__Task__
Nothing should appear in the answer except the lines from the one with "John Ellis at Manchester Jazz Festival" through the end of the listing below, transcribed exactly and without pictures.

__Provided material__
____

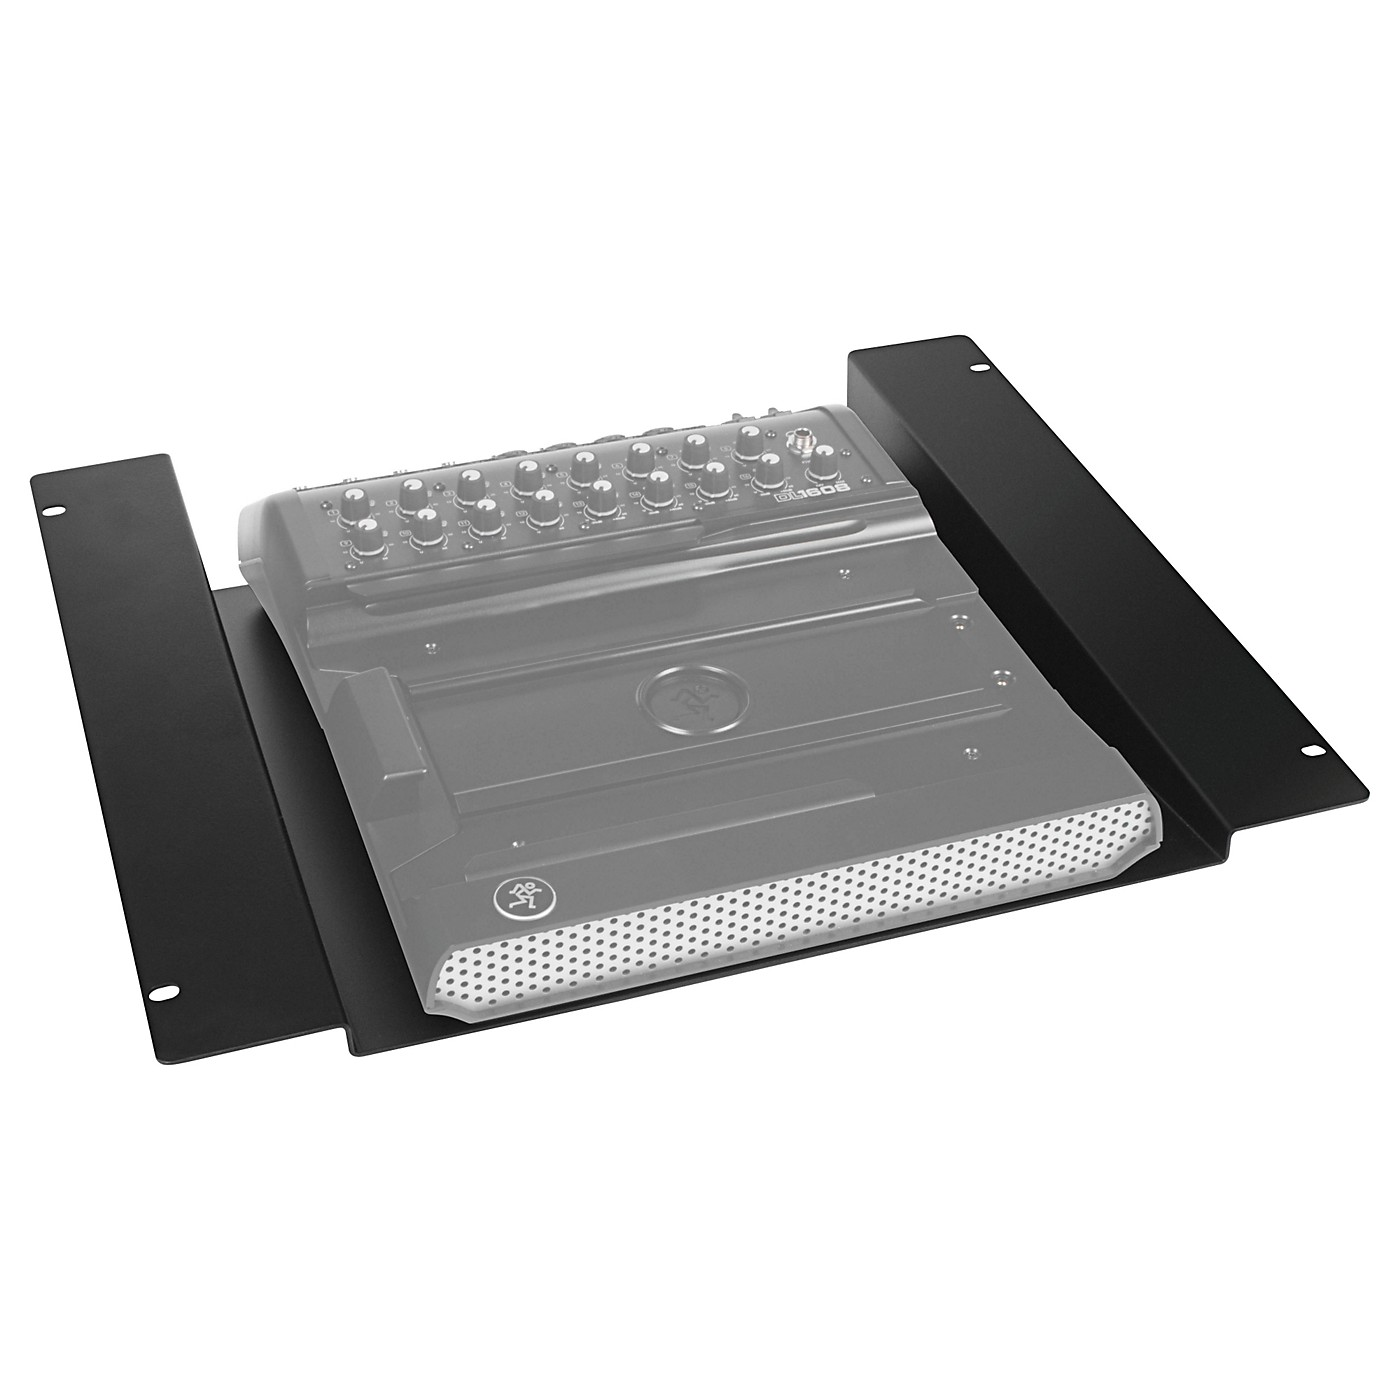 Mackie Rackmount Bracket for Mackie DL1608 iPad Mixer thumbnail
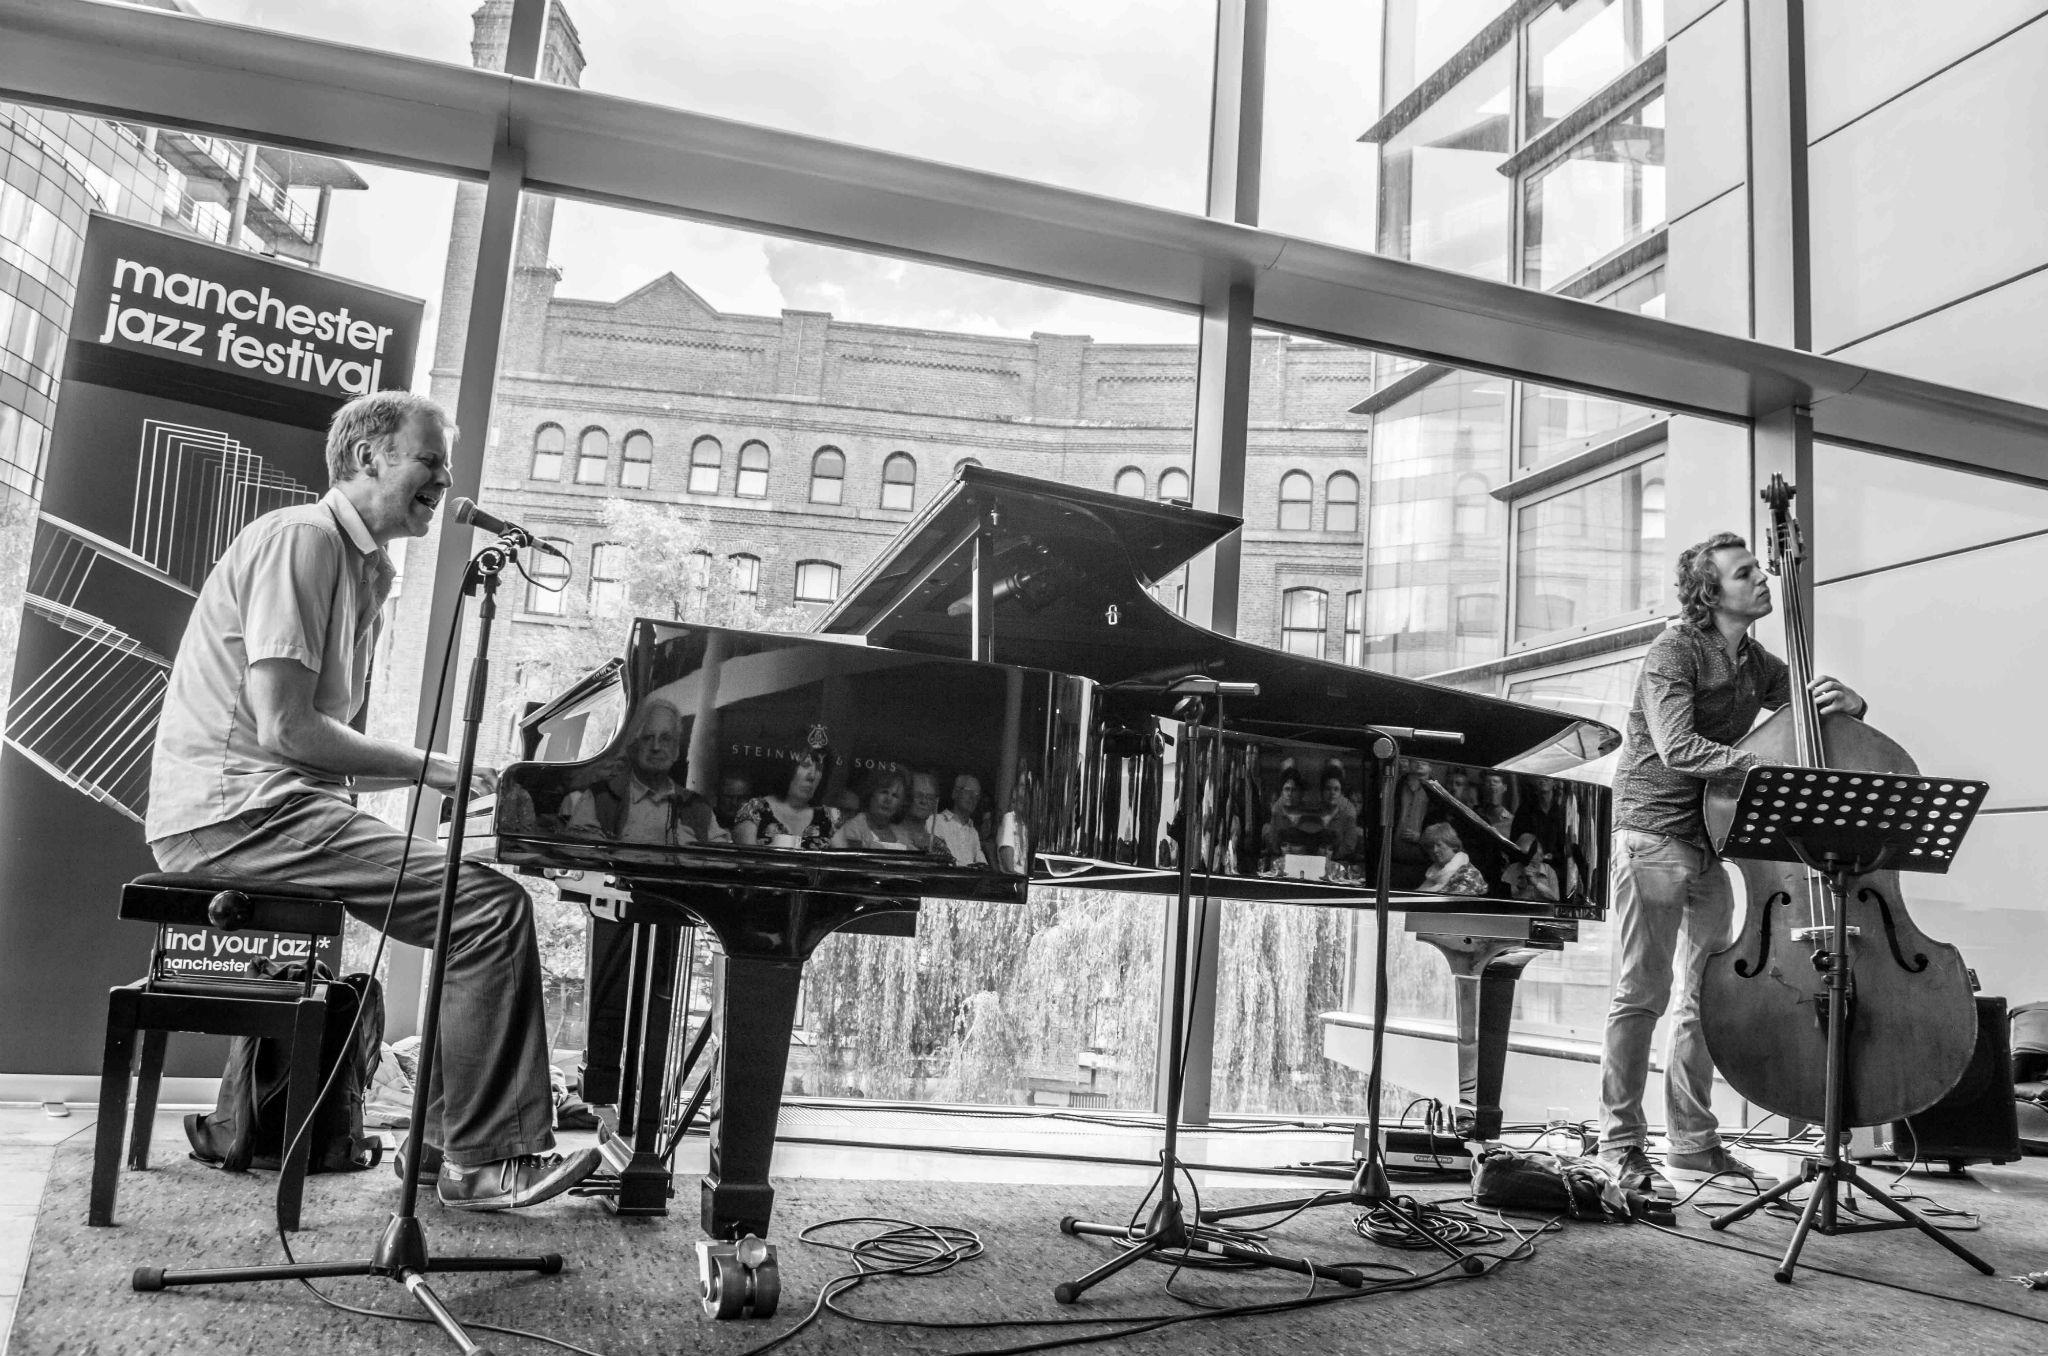 John Ellis at Manchester Jazz Festival
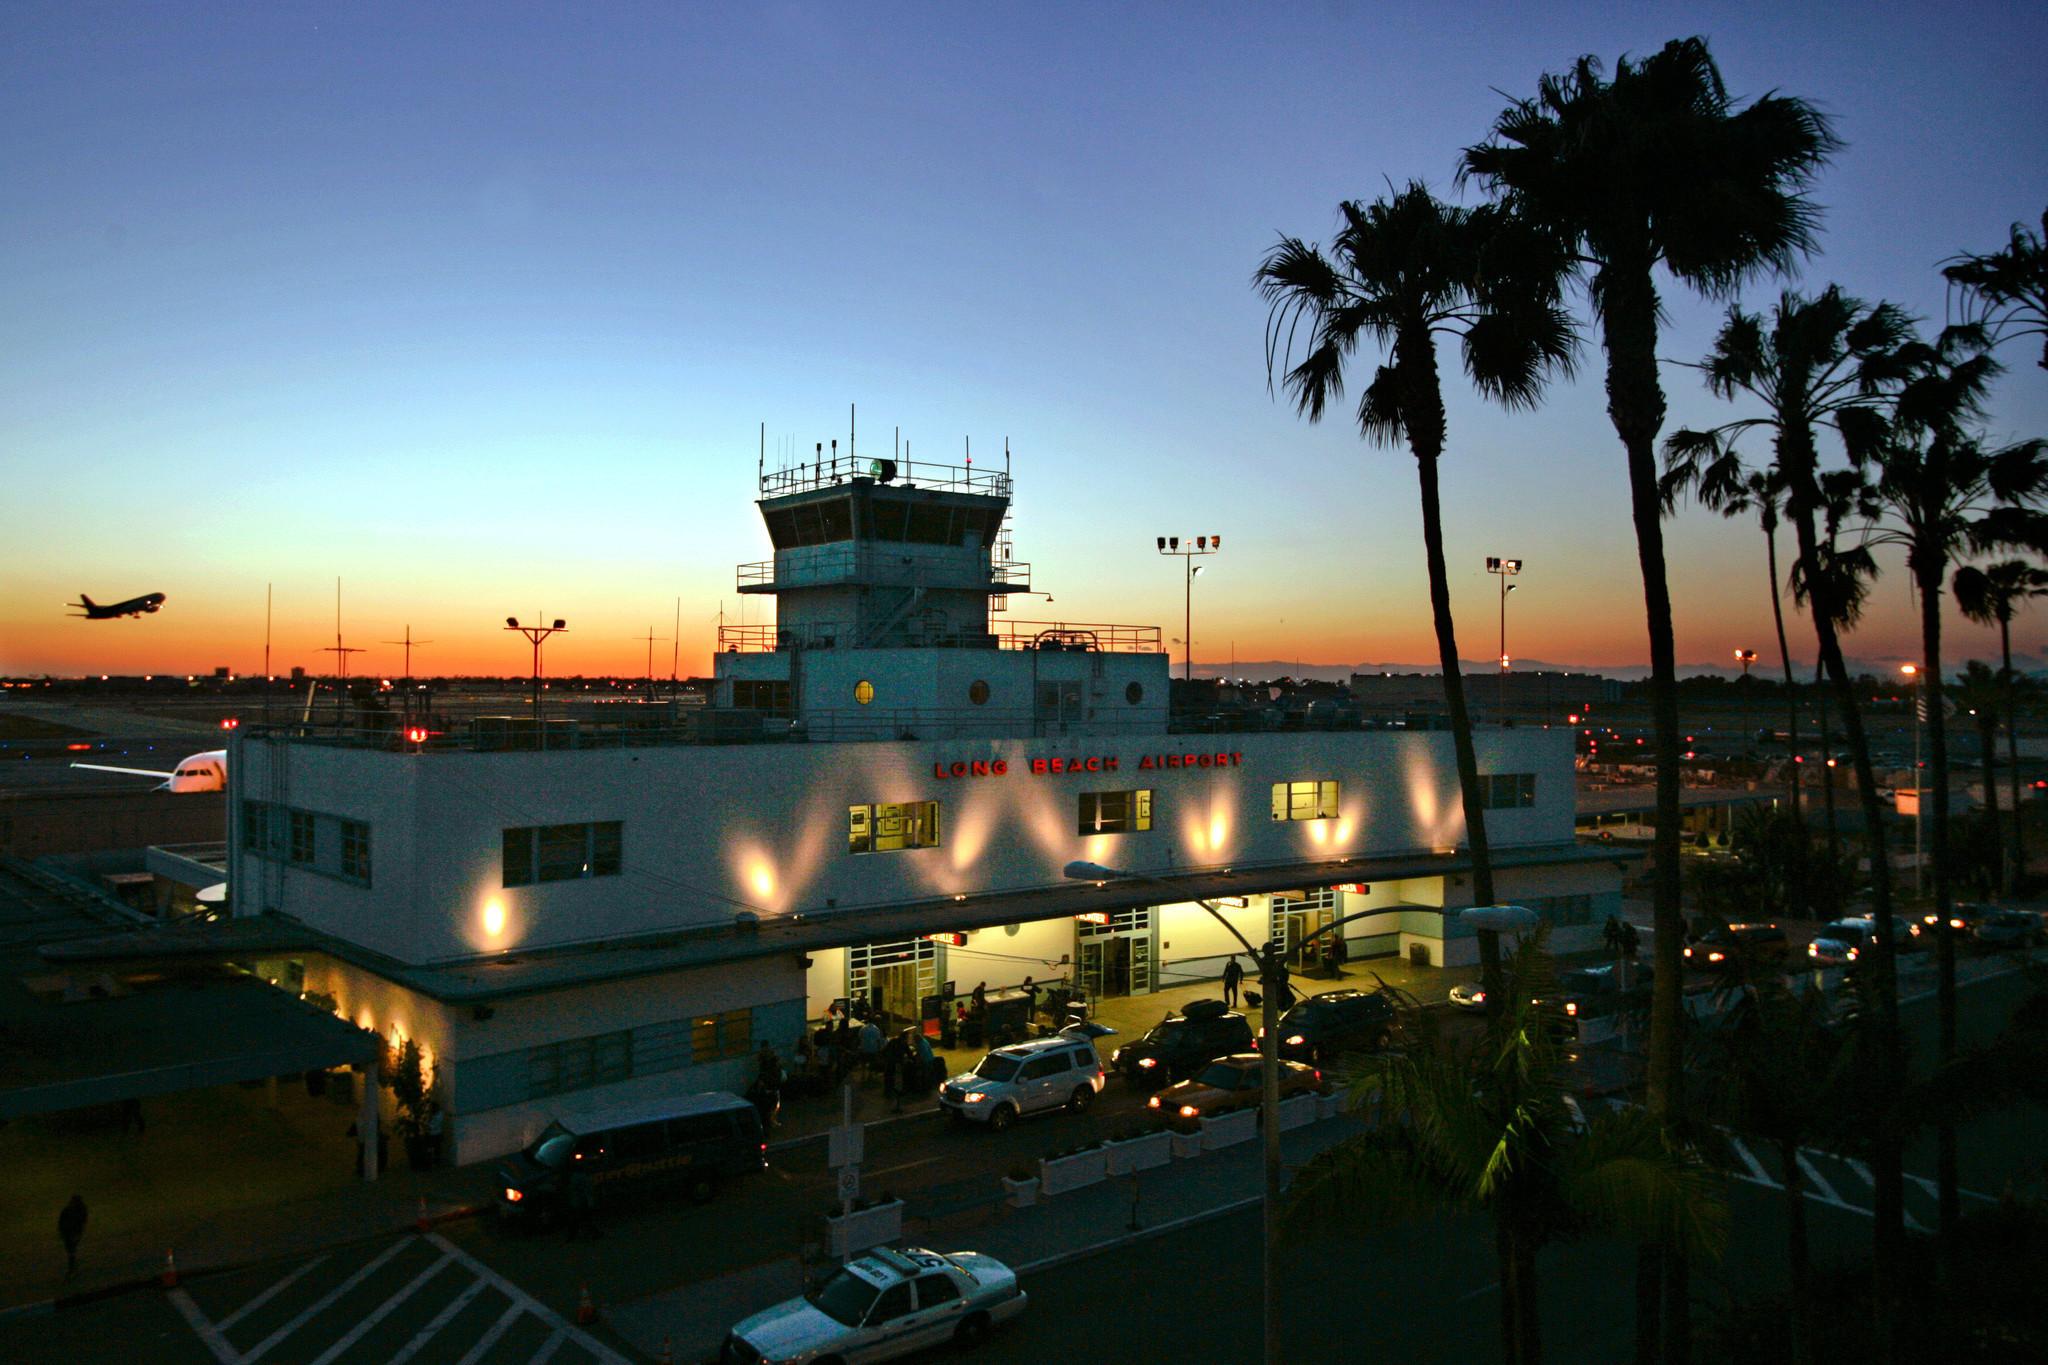 Conde Nast Traveler Survey Puts This Southern California
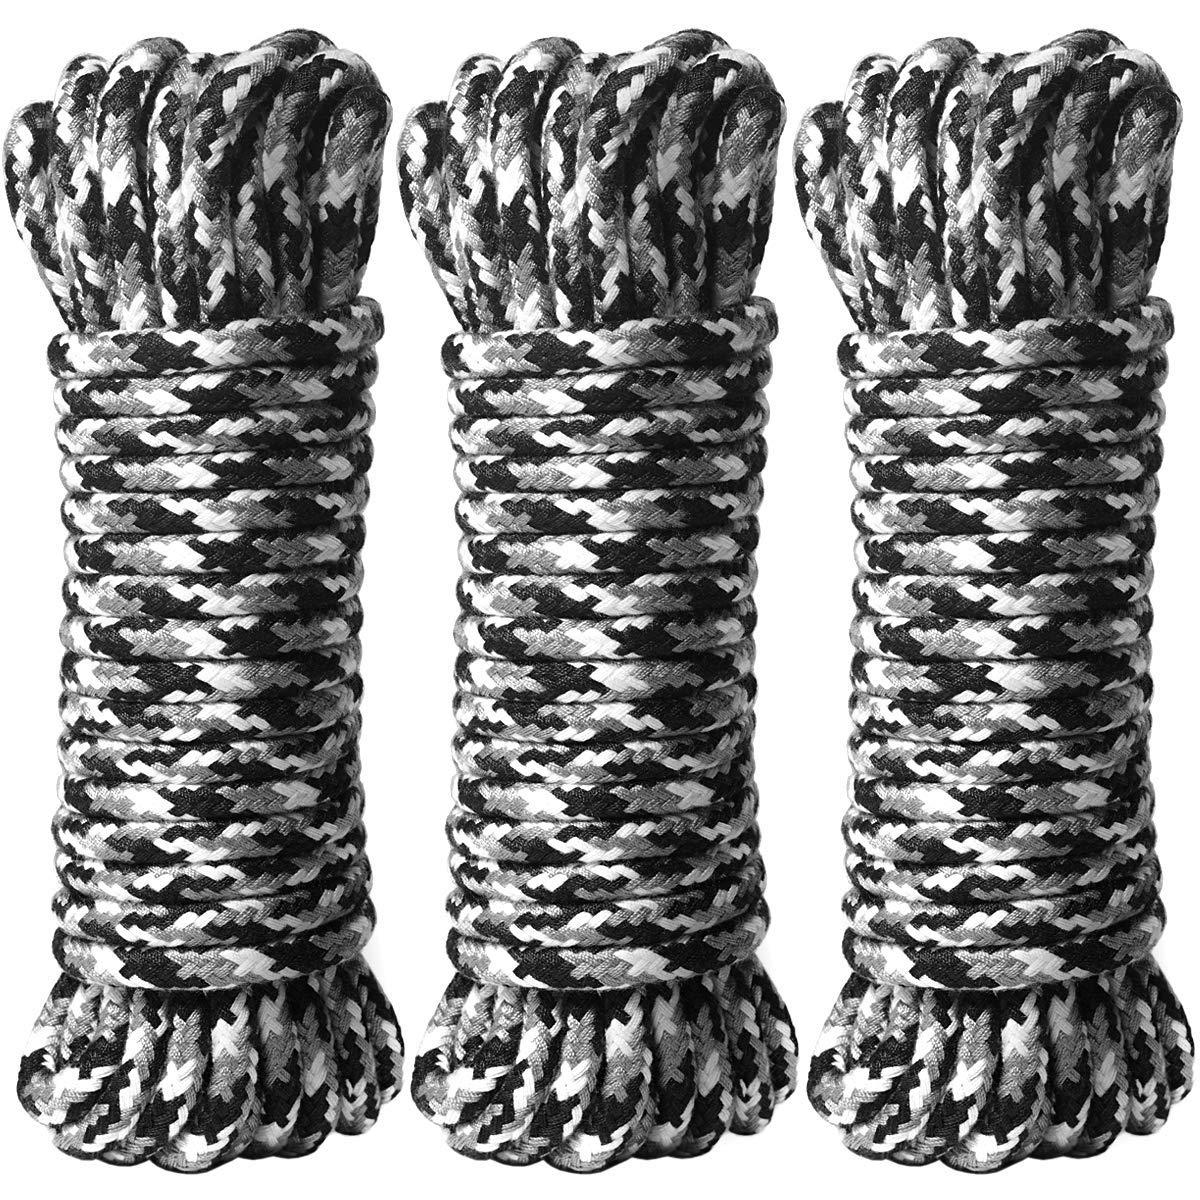 BONTIME All-Purpose Soft Cotton Rope - 32 Feet Length,1/3-Inch Diameter(Black & Grey & White,Pack of 3)

____

__Answer section__
 John Ellis at Manchester Jazz Festival
 Conde Nast Traveler Survey Puts This Southern California
 BONTIME All-Purpose Soft Cotton Rope - 32 Feet Length,1/3-Inch Diameter(Black & Grey & White,Pack of 3)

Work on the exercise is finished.